Retype exactly every line from the one that includes "Balsamic marinated vegetables" through the final line of the listing, both ends kept, and omit the pictures.

[[ Available data open ]]

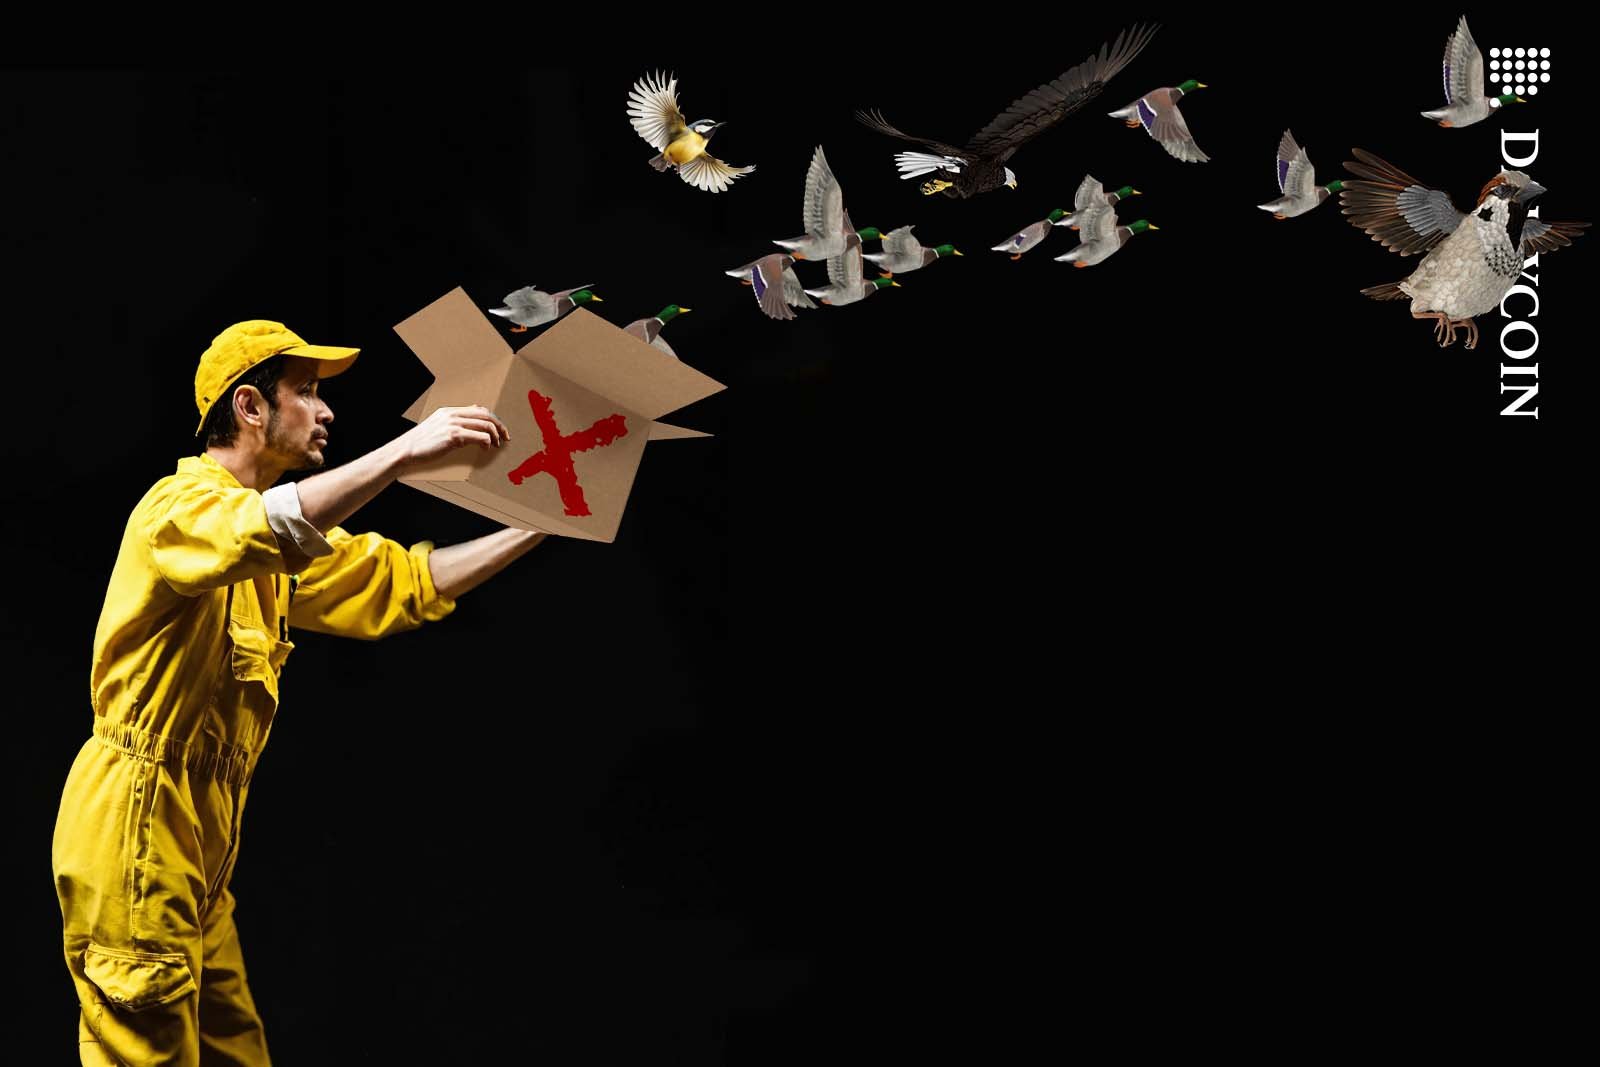 Man in yellow jumpsuit releasing birds from a cardboard box.
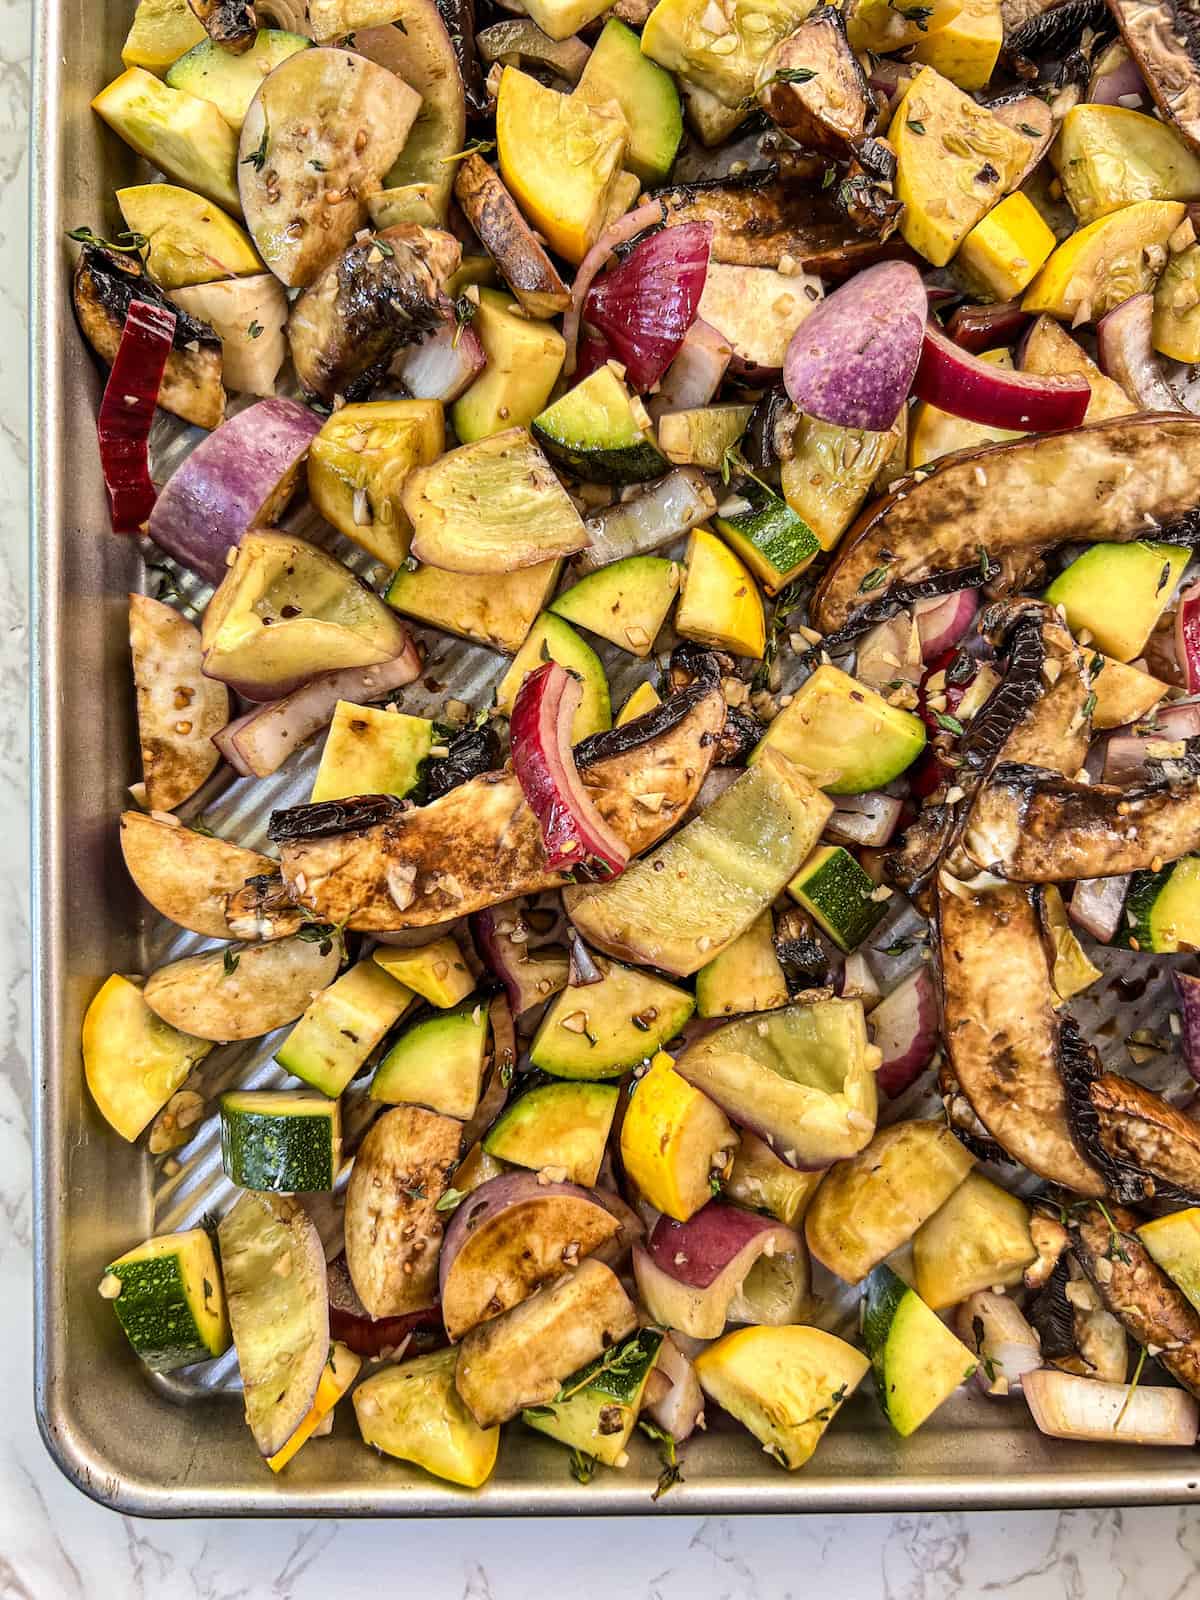 Balsamic marinated vegetables spread out on a sheet pan.
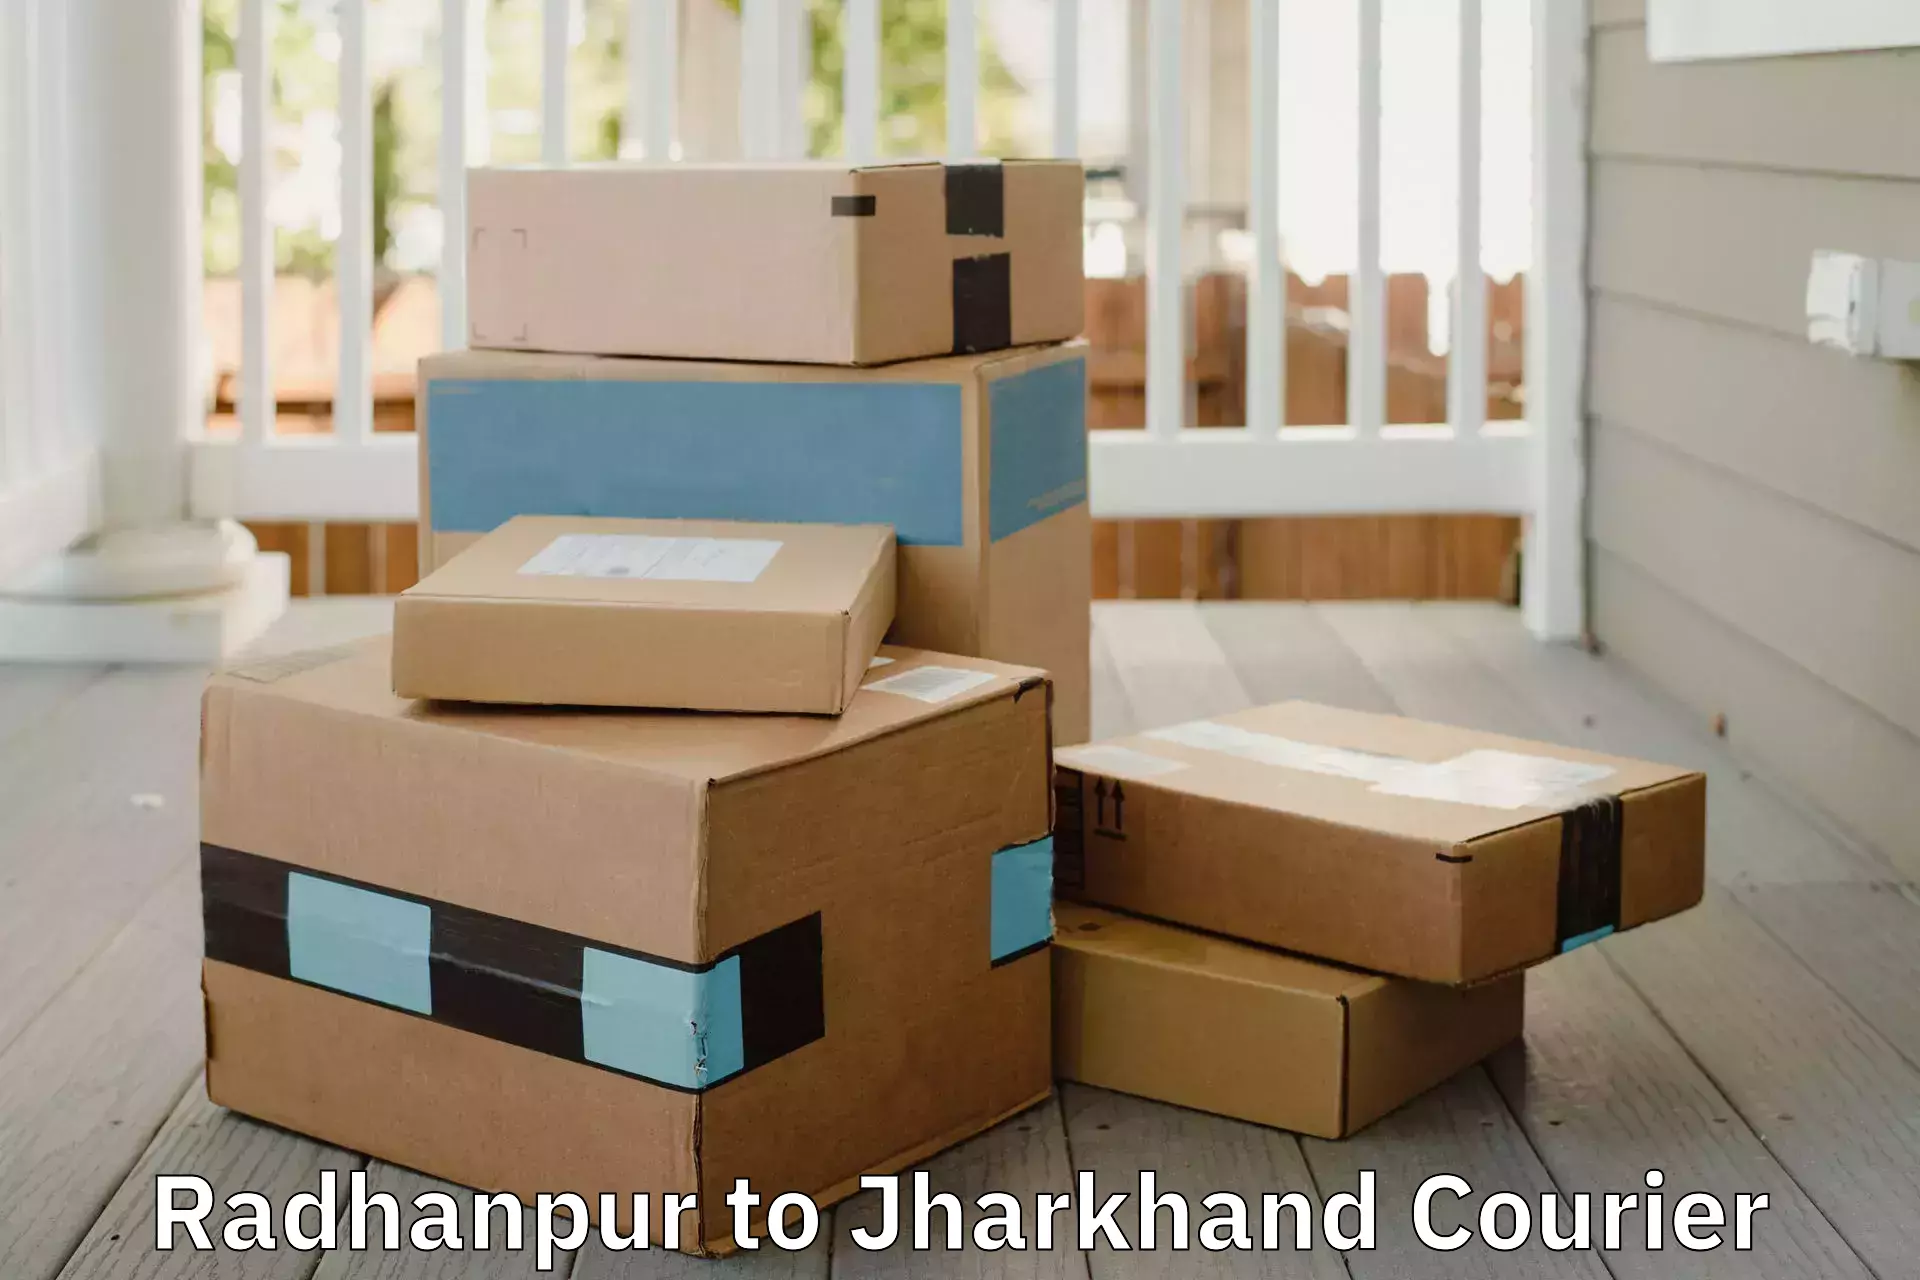 Furniture delivery service Radhanpur to Godabar Chatra

[[ Available data closed ]]

Problem solution ::
 Balsamic marinated vegetables spread out on a sheet pan.
 Furniture delivery service Radhanpur to Godabar Chatra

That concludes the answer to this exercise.